Improving LLM’s Reasoning In Production - The Structured Approach

This guide on achieving better reasoning performance of LLMs complements our guide on prompt engineering which explains how to improve LLM setups by systematic and programmatic means to enable flexibility while keeping the amount of operational variability to a minimum. Of course, the language component of a prompt can also be inspected and improved which is called In-context learning (ICL). There are a lot of papers on how to achieve better LLM reasoning performance through this technique that is all about the choice of words and their sequence in a prompt. For anyone interested, the known NLP-technique Retrieval-Augmented Generation (RAG) is a sub technique within the concept of ICL. ReAct and ReWOO are usually always combined with an API to facilitate dynamic context exploitation for deeper user information needs.

Chain of Thought (CoT) Prompting (Zero shot and Few shot Examples)

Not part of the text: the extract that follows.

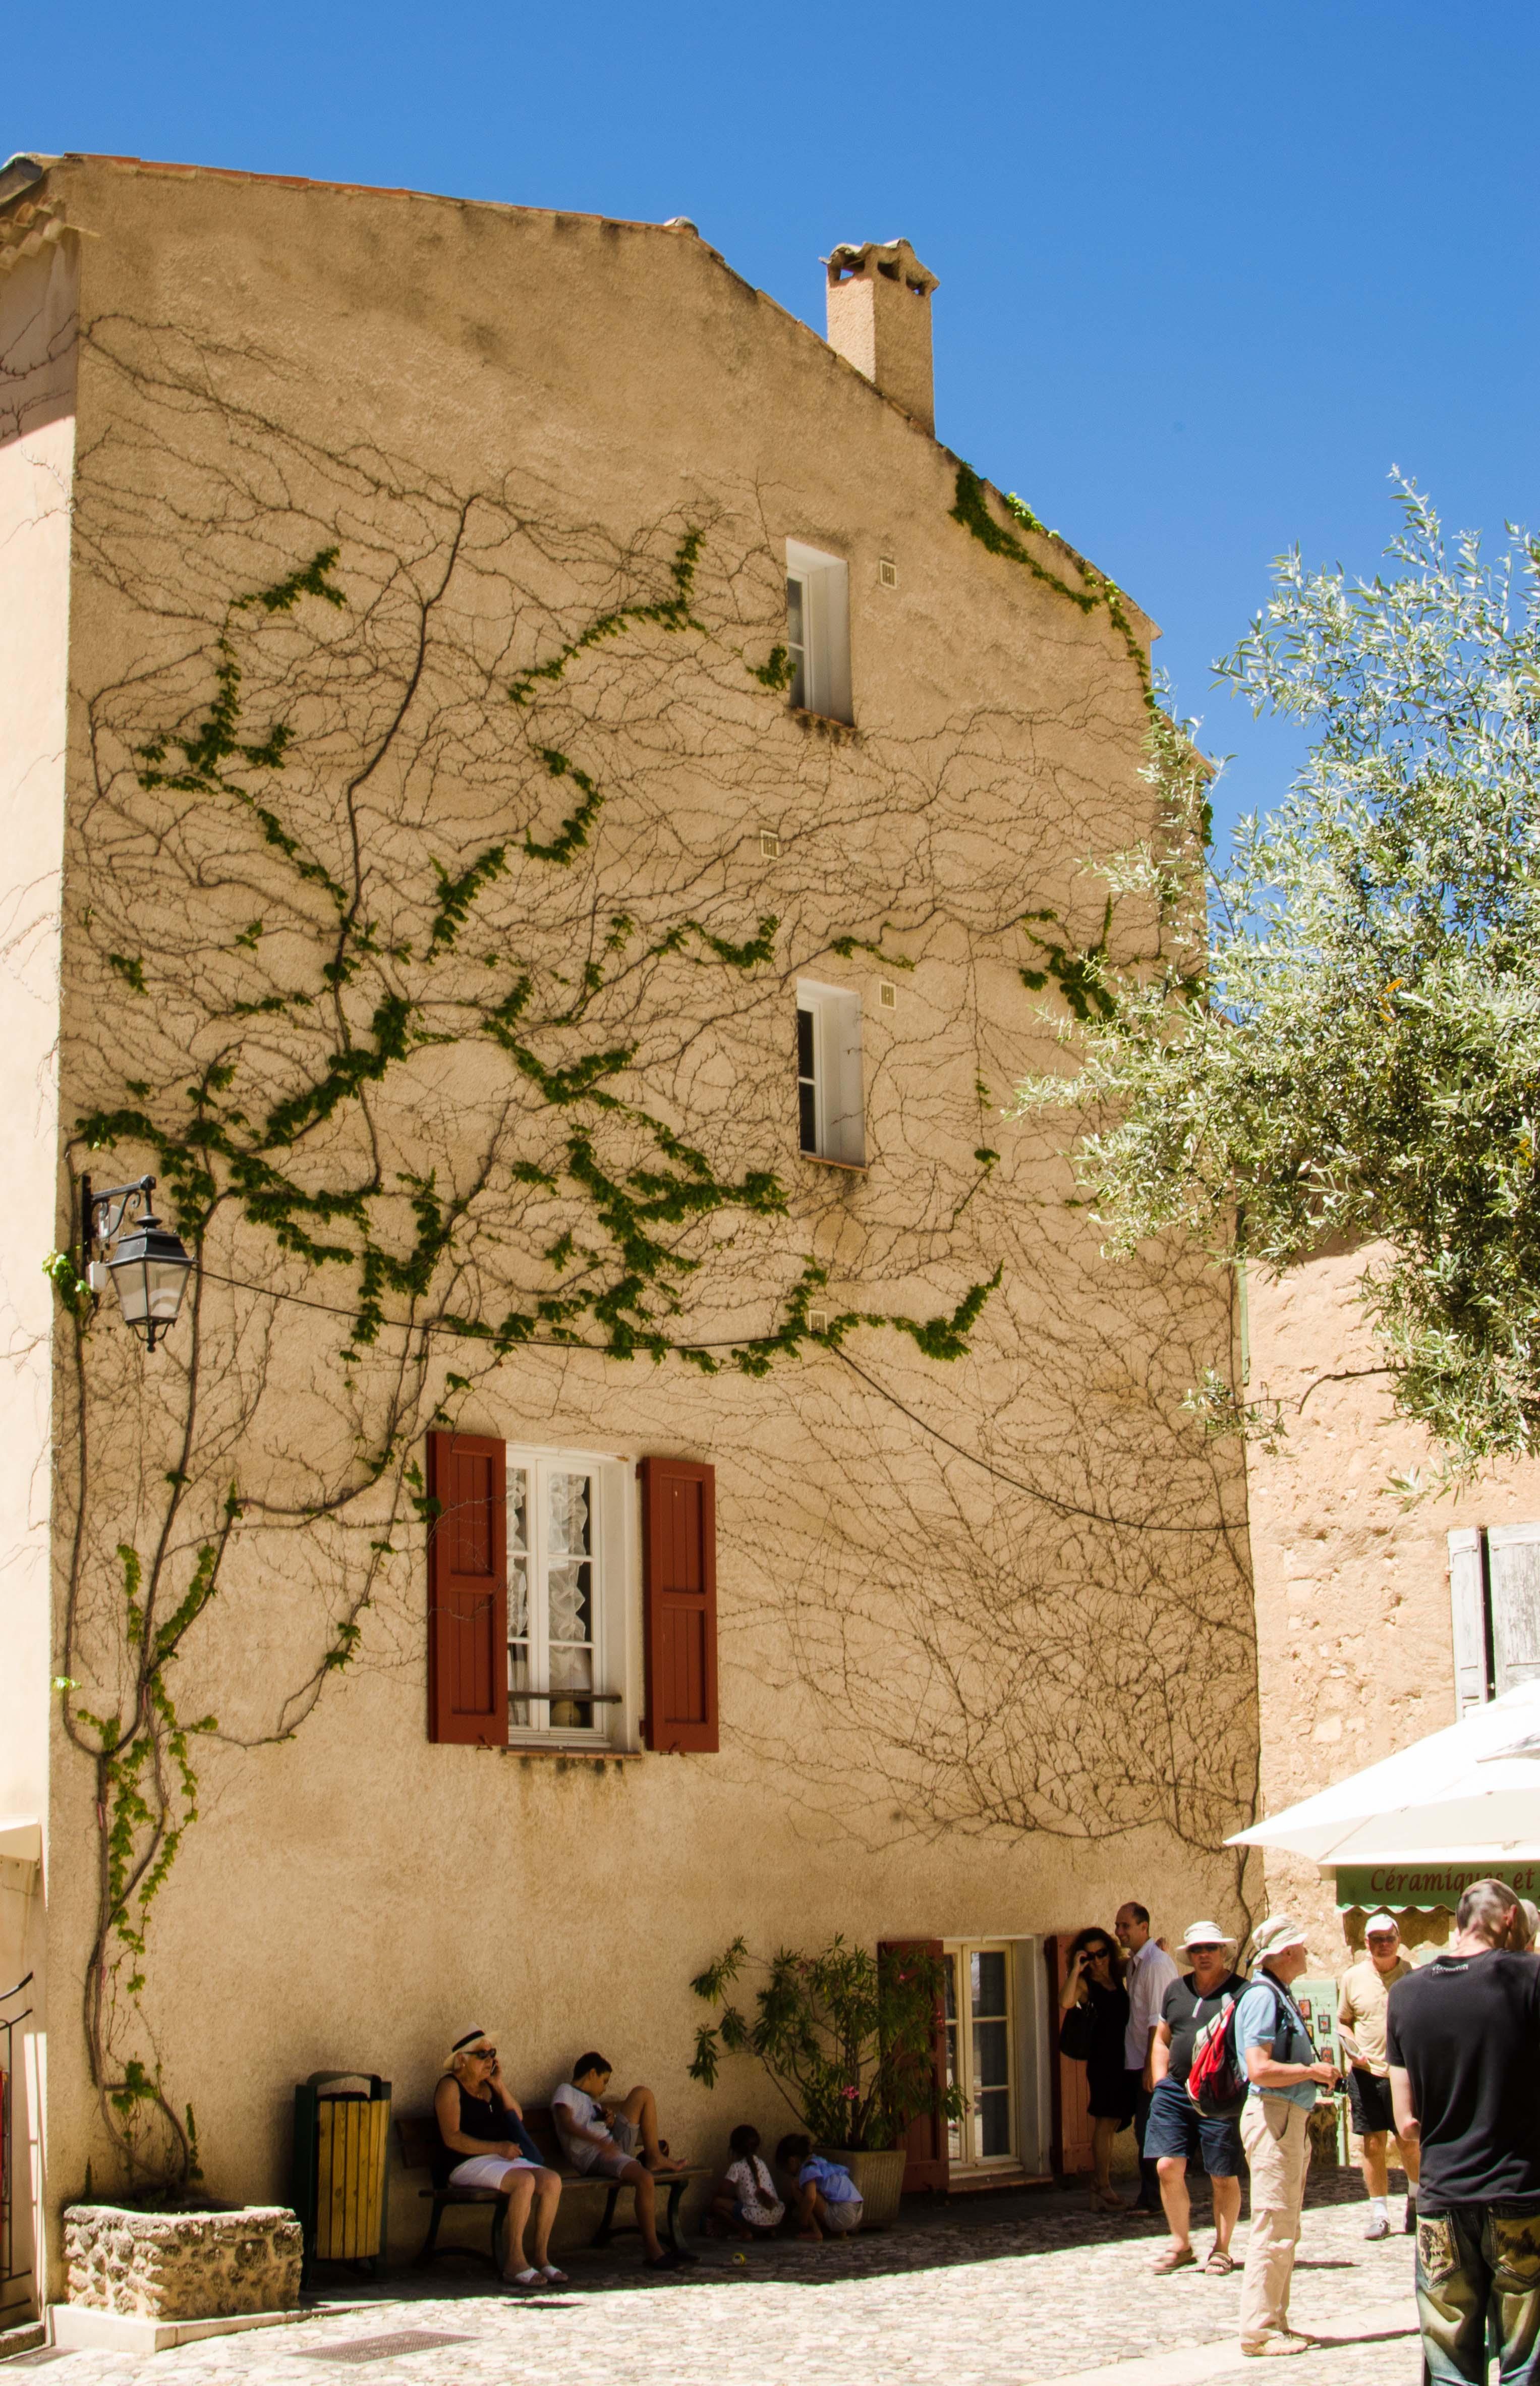 castellana13 Vacanze in Provenza, Camargue e Costa Azzurra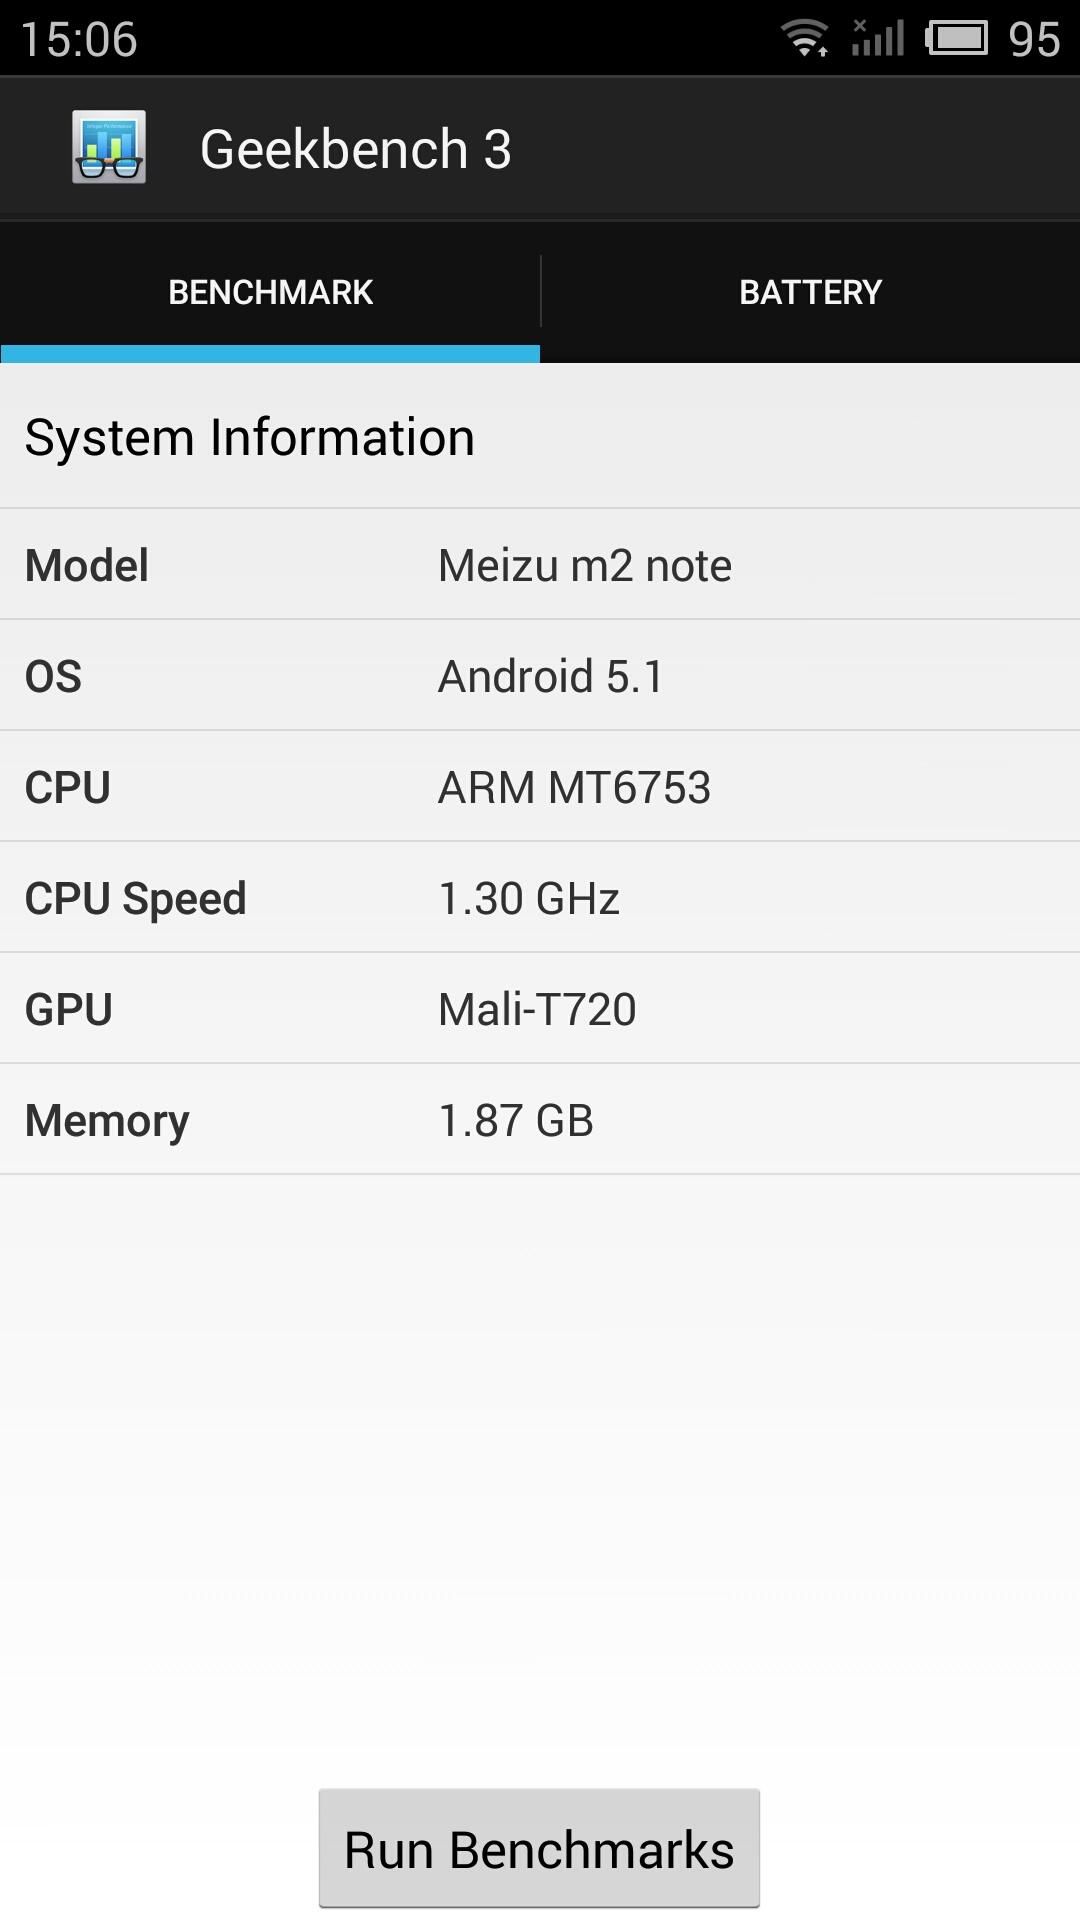 Meizu M2 Note - Geekbench 3

Chain of Thought Zero Shot Example Prompt from the paper:

https://cdn.prod.website-files.com/63811f0b654325b008a7c1dc/650ac2efa338e7d6eb96ab22_Untitled (6).png

Chain of Thought Few Shot Example Prompt from the paper:

Zero-shot CoT uses special instructions to trigger CoT prompting without any examples. For example, the instruction “Let’s think step by step” works well for many tasks. The final answer is extracted from the last step of the thinking process.

Few-shot CoT uses some examples of questions and answers with reasoning chains to guide LLMs to use CoT prompting. The examples are given before the actual question. The final answer is also extracted from the last step of the thinking process.

In a nutshell, CoT prompting improves the performance of LLMs on many tasks, especially math and logic problems. However, it does not work for all tasks and sometimes gives wrong or multiple answers.

Reflexion Prompting (Reflect on x first and then reply)

Reflexion Prompt Example from the paper:

https://cdn.prod.website-files.com/63811f0b654325b008a7c1dc/650ac29da4b01c81f001a769_Untitled (1).png

Reflexion works by making the agents verbally reflect on the feedback they receive from the tasks, and use their own reflections to improve their performance. Reflexion does not require changing the model weights, and can handle different kinds of feedback, such as numbers or words. It outperforms baseline agents and is especially effective for tasks such as making decisions, writing code. Because the LLM will flag the output as “reflected”, eg. giving it a CoT-style wrong answer plus a REFLECTED correction input. The model will thus be on the lookout for minor errors and answer with a REFLECTED output when doing other reasoning tasks. It is hence obviously not very useful in settings for use cases where being perceived as human is important for the success of the product.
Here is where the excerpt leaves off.